Die Eigenschaft eines Verbands im Straßenverkehr liegt also auch vor, wenn eine Reitergruppe hintereinander reitet, soweit die übrigen Bedingungen erfüllt sind!

Häufig wird die Meinung vertreten (und leider auch gelehrt), dass nur dann von einem Reiterverband zu sprechen ist, wenn in einer Gruppe von min. 6 Pferde nebeneinander geritten wird. Diese Darlegung ist falsch und wird in keiner Weise vom § 27 StVO abgedeckt oder darin gefordert!

Ebenso die Meinung, dass ein Reiterverband nicht länger als 25 Meter sein soll, bzw. darf. Bei größeren Gruppen wäre demnach gegebenenfalls ein zweiter Verband zu bilden, der mindestens im Abstand von 25 Metern reitet, damit überholende Fahrzeuge hier einscheren können. Auch diese Forderung nach einer zulässigen Gesamtlänge von 25 Metern findet sich weder im Gesetz, noch in der dazugehörigen Verwaltungsvorschrift oder in der Rechtssprechung!

Geht man jedoch tatsächlich von einer zulässigen Gesamtlänge eines Verbands von 25 Metern aus, dann ergibt sich hieraus in der Praxis, dass in einem Reiterverband mit mehr als 6 Pferden in Zweierreihe geritten werden müsste, wenn man die Bildung eines zweiten Verbands (mit Abstand von mindestens 25 Metern zwischen den beiden Verbänden) vermeiden möchte! Denn 6 Pferde hintereinander (Kopf an Schweif) à ca. 2,50 Meter (Pferdelänge) würden bereits zu einer Gruppenlänge von 15 Metern führen! Berücksichtigt man dabei noch den erforderlichen Sicherheitsabstand unter den Reitern (5 x 2,50 Meter = 12,50 Meter), so wird deutlich, dass bereits bei 6 Pferden in Kolonne hintereinander die zulässige Länge eines Verbands von 25 Meter überschritten werden würde! Lediglich mit 5 Pferden normaler Größe hintereinander wäre unter Beachtung der Sicherheitsnormen (Abstände) diese größtmögliche Länge eines Verbands von 25 Metern gerade noch einzuhalten.

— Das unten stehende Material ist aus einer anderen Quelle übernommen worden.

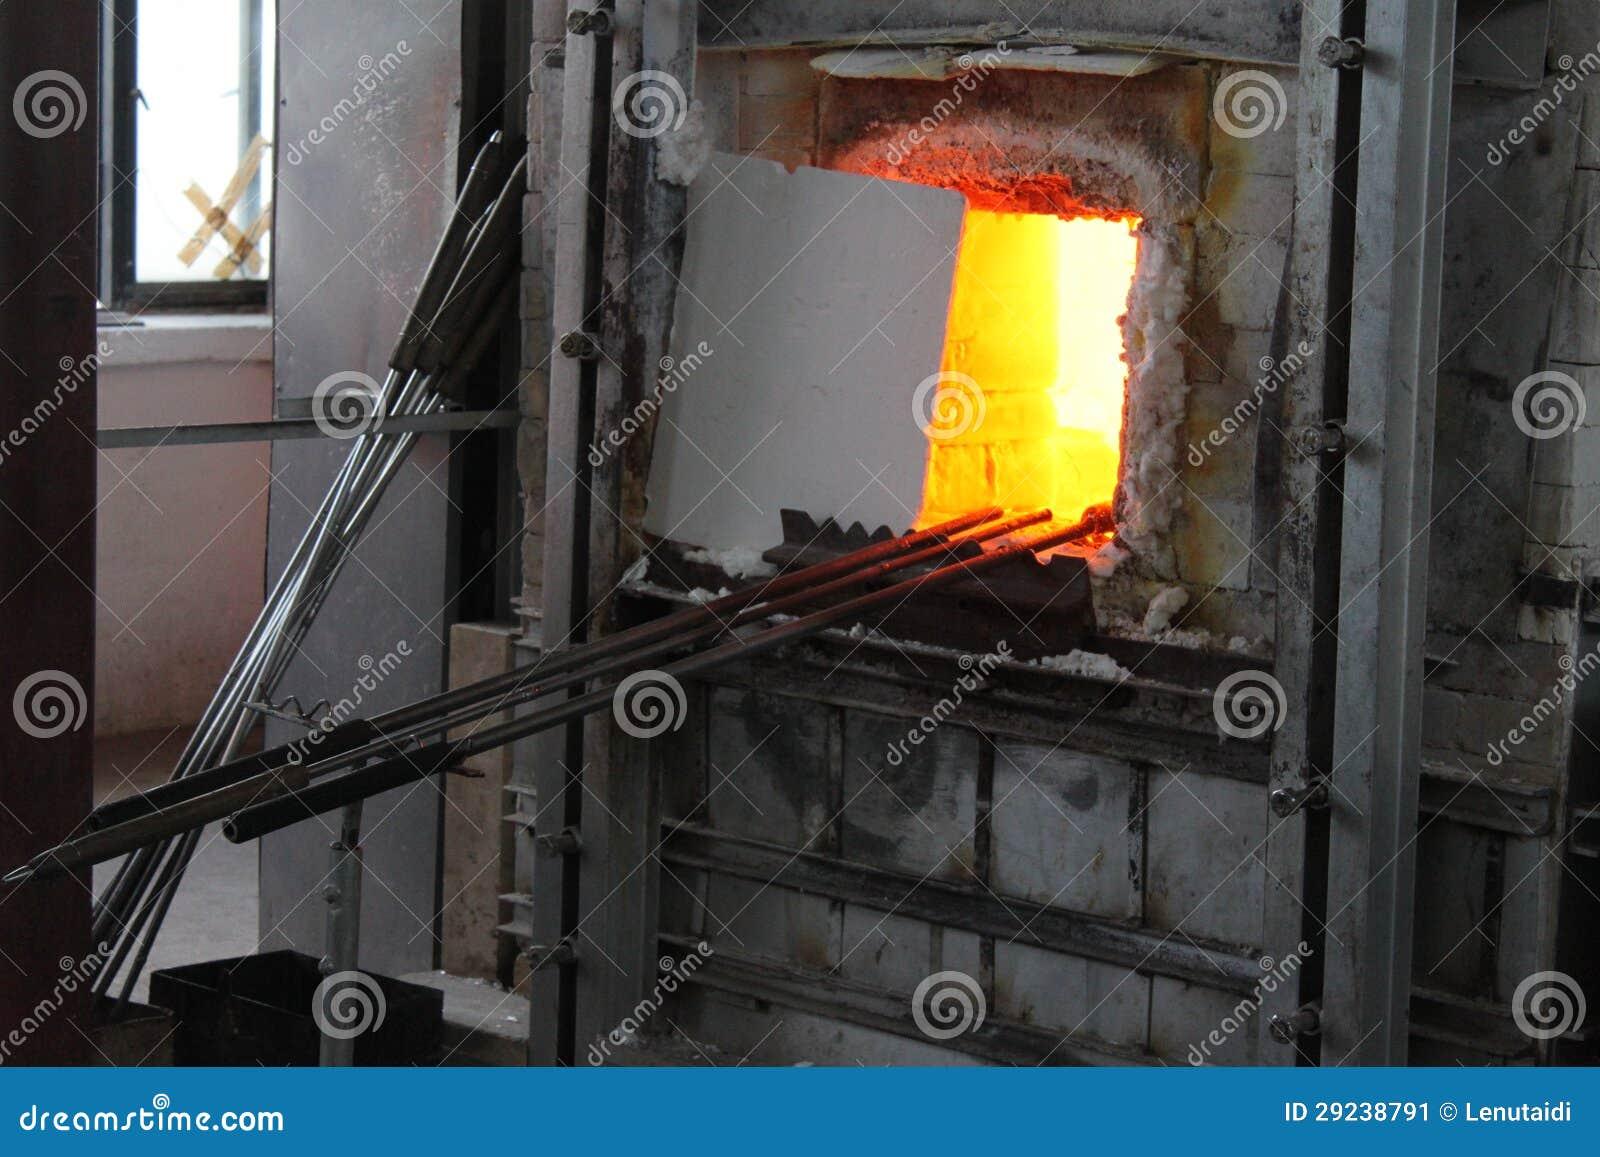 Download Forno imagem de stock. Imagem de vermelho, calor, clima - 29238791
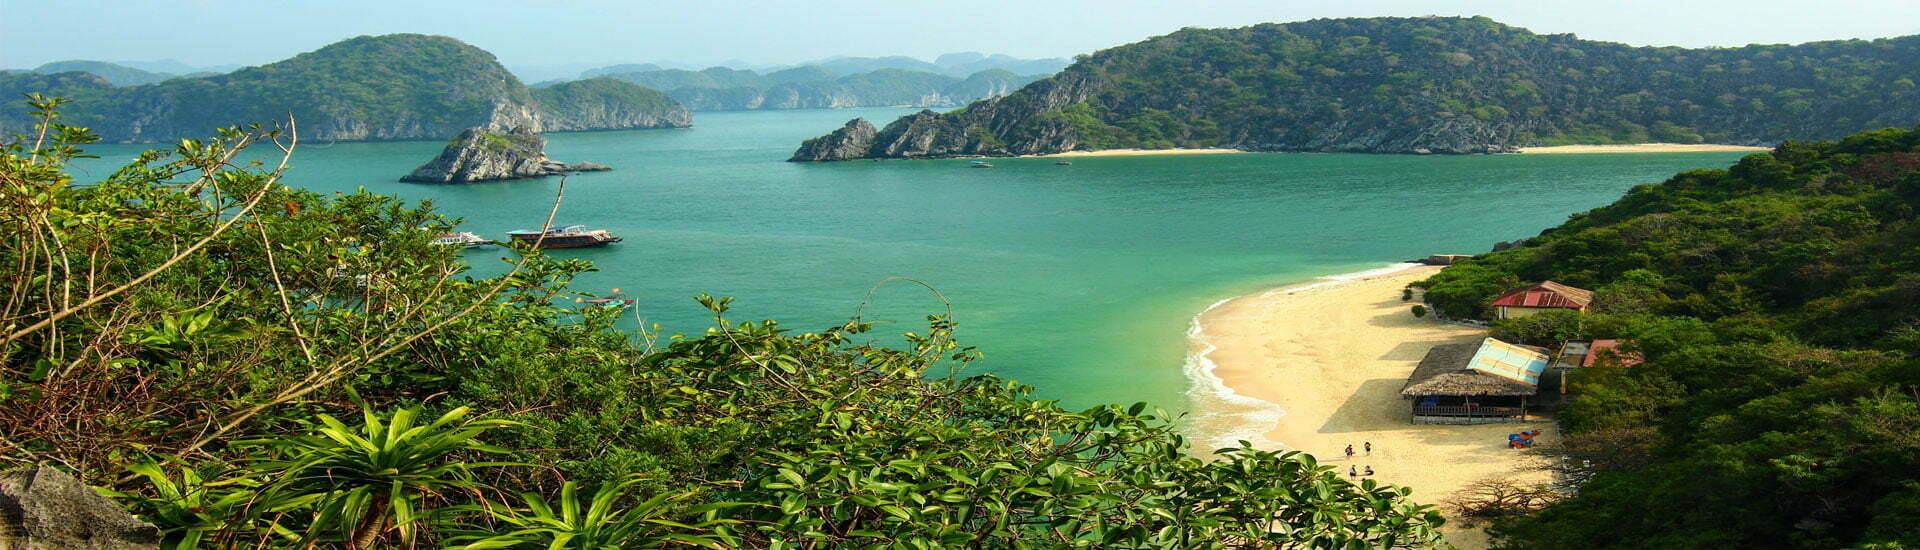 Plage à la baie d'Halong

Aus der Rechtssprechung ergibt sich jedoch, dass Verbände in Straßenverkehr eine Gesamtlänge von weit über 25 Metern haben können [6] ! Über eine Schaffung von Zwischenräumen im Verband ist nach den Umständen des Einzelfalls (z.B. Verkehrsdichte) zu entscheiden (Fußgängerkolonnen ab 50 m und Fahrzeugkolonnen ab 500 m sollten regelmäßig Zwischenräume für andere Verkehrsteilnehmer bilden).

Hier wird klargestellt, dass die Schaffung von Zwischenräumen zum Überholen oder Durchqueren nicht zur Unterbrechung des Verbands (mit der Folge der Bildung eines zweiten Verbands) führt! Man spricht dann auch von einer „Verbandsgliederung“ in Abteilungen (Hinweis auf Abteilungen eines Verbands ergibt sich auch aus § 27, Abs. 4 StVO. Hinsichtlich der Beleuchtungsvorschriften)

Allerdings ist in diesem Zusammenhang (bei größeren Verbänden) dann auch gegebenenfalls der § 29 der StVO zu beachten!

§ 29 StVO Übermäßige Straßenbenutzung

(2) Veranstaltungen, für die Straßen mehr als verkehrsüblich in Anspruch genommen werden, bedürfen der Erlaubnis. Das ist der Fall, wenn die Benutzung der Straße für den Verkehr wegen der Zahl oder des Verhaltens der Teilnehmer oder der Fahrweise der beteiligten Fahrzeuge eingeschränkt wird; ....... Der Veranstalter hat dafür zu sorgen, dass die Verkehrsvorschriften sowie etwaige Bedingungen und Auflagen befolgt werden.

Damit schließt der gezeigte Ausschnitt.